What was your previous experience?


----------



## lf47 (Mar 3, 2009)

Thank you guys for the support. I cannot believe that this is actually happening!!! I've been walking around in daze and cheking my phone every five minutes to make sure I really did get that call 

Psu and LA Filmmaker, send me a message with your e-mail address and I'll definitely e-mail you guys to talk about my application/background.

Good luck to everyone, hang in there!


----------



## psufilmgirl (Mar 3, 2009)

of,

Surprisingly, my email is psufilmgirl@aol.com.  Thanks for taking the time!!


----------



## LA Filmmaker (Mar 3, 2009)

Mine is ...... deleted ........


----------



## A.K. (Mar 3, 2009)

Congrats VEru, Can you give me information on your application as well. My email is Akil.Kurji@gmail.com

I actually got a letter today saying i got rejected. I went in for an interview and met with Richard. I thought I had a great shot as a 21 year old. My application was amazing but I didn't have time to study for my GRE's. I bombed it. I think that could be the reason why. I have produced 2 feature films but looks like I will have to shoot for the stark program next year. Any advice guys? Thanks.


----------



## Kalie14 (Mar 4, 2009)

Cabezon, I just saw the new Chapman thread.  Eek!

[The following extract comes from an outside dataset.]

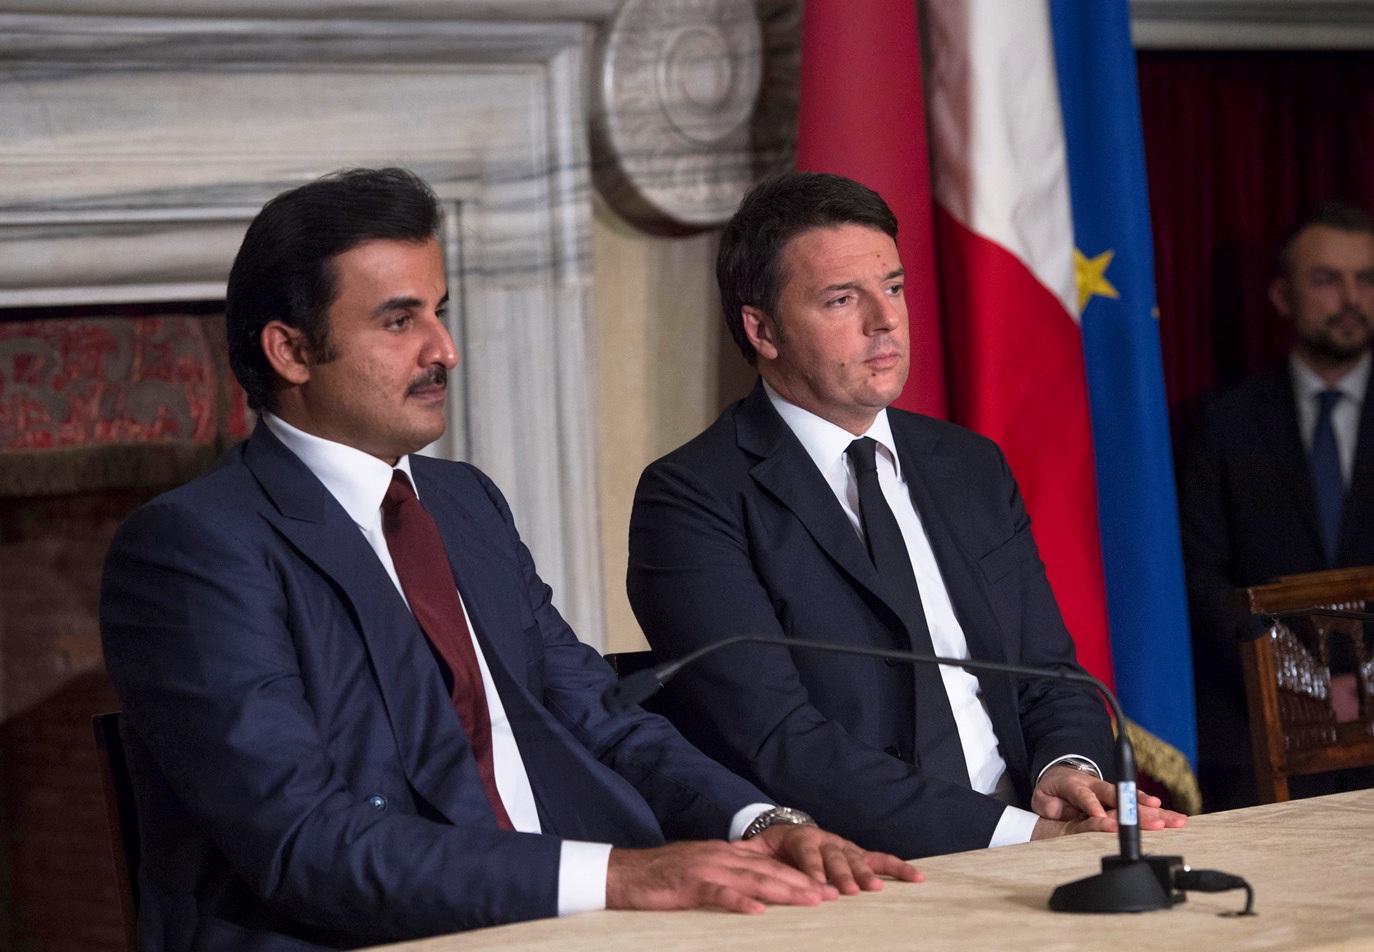 Qatar's Amir Sheikh Tamim bin Hamad Al-Thani and Italian Prime Minister Matteo Renzi
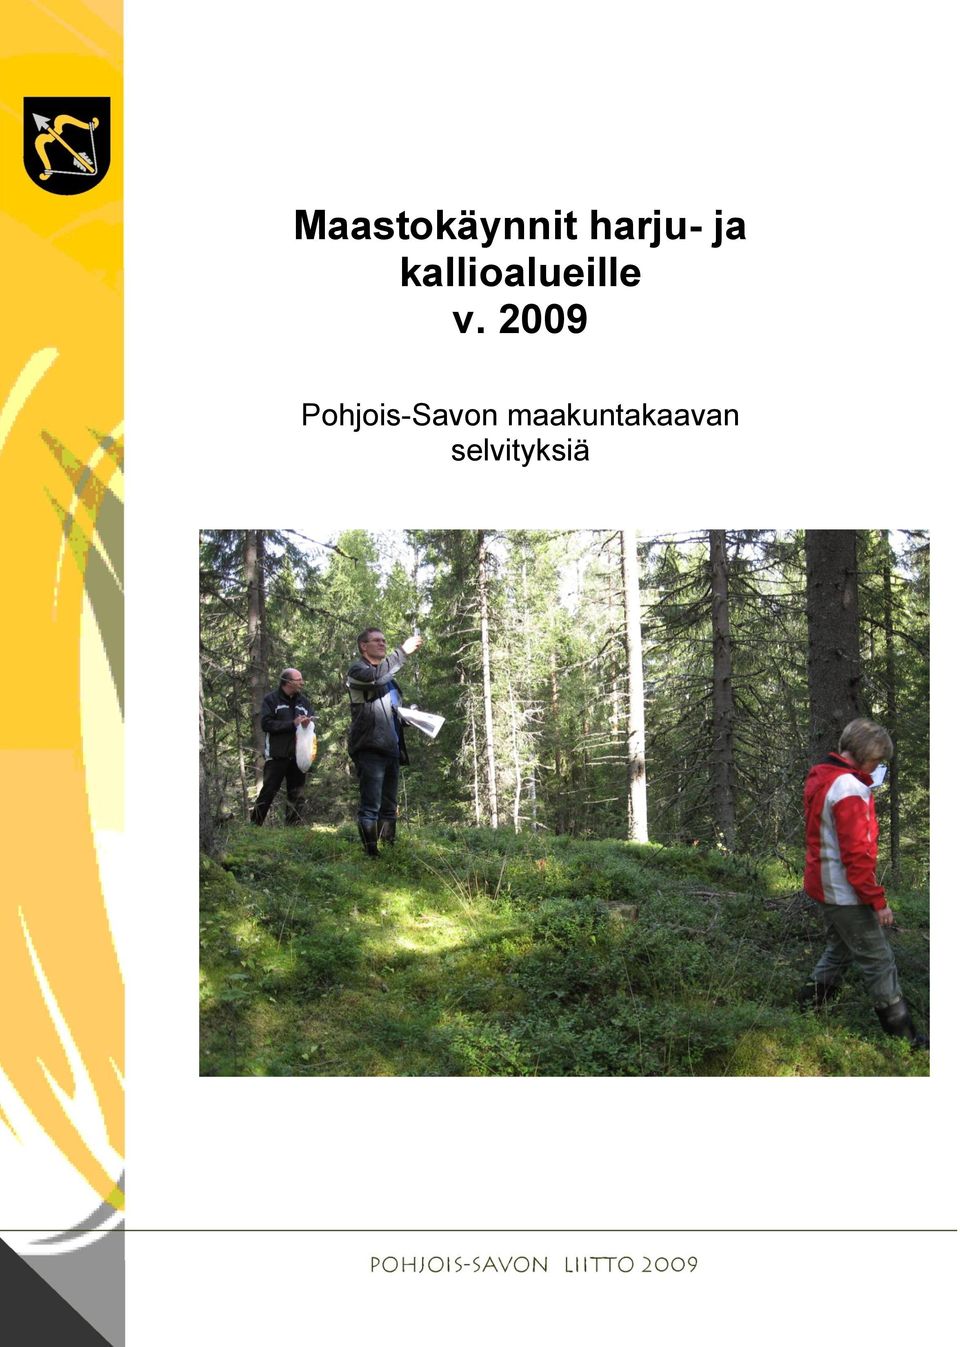 2009 Pohjois-Savon

I'll def keep you posted...best of luck!


----------



## joenyc (Mar 4, 2009)

Hey guys-
I got a call yesterday and have been accepted to the Stark Program.
Congrats to those accepted and good luck to everybody who has yet to hear/going to reapply.
This board has been very helpful in getting me through the waiting period!


----------



## Jayimess (Mar 4, 2009)

These forums are crawled by humans bots, Google and otherwise.  Some may be predatory.

Be careful about listing your email addresses!!

Congrats, condolences, and good thoughts to all of you.


----------



## psufilmgirl (Mar 4, 2009)

Congrats Joe!!!!

Can you give us the details I your app?  I'm just trying to get all my ducks in a row for next year!!!


----------



## annqc (Mar 4, 2009)

Congratulations veru, lf47, and joe on being accepted.

I received my rejection letter in the mail today.  I would sincerely appreciate any information regarding your application, background experience, and any advice you may have to offer so I may have some input on how to strengthen my application for next year.  My email address is qchaudhary@gmail.com.  Thank you.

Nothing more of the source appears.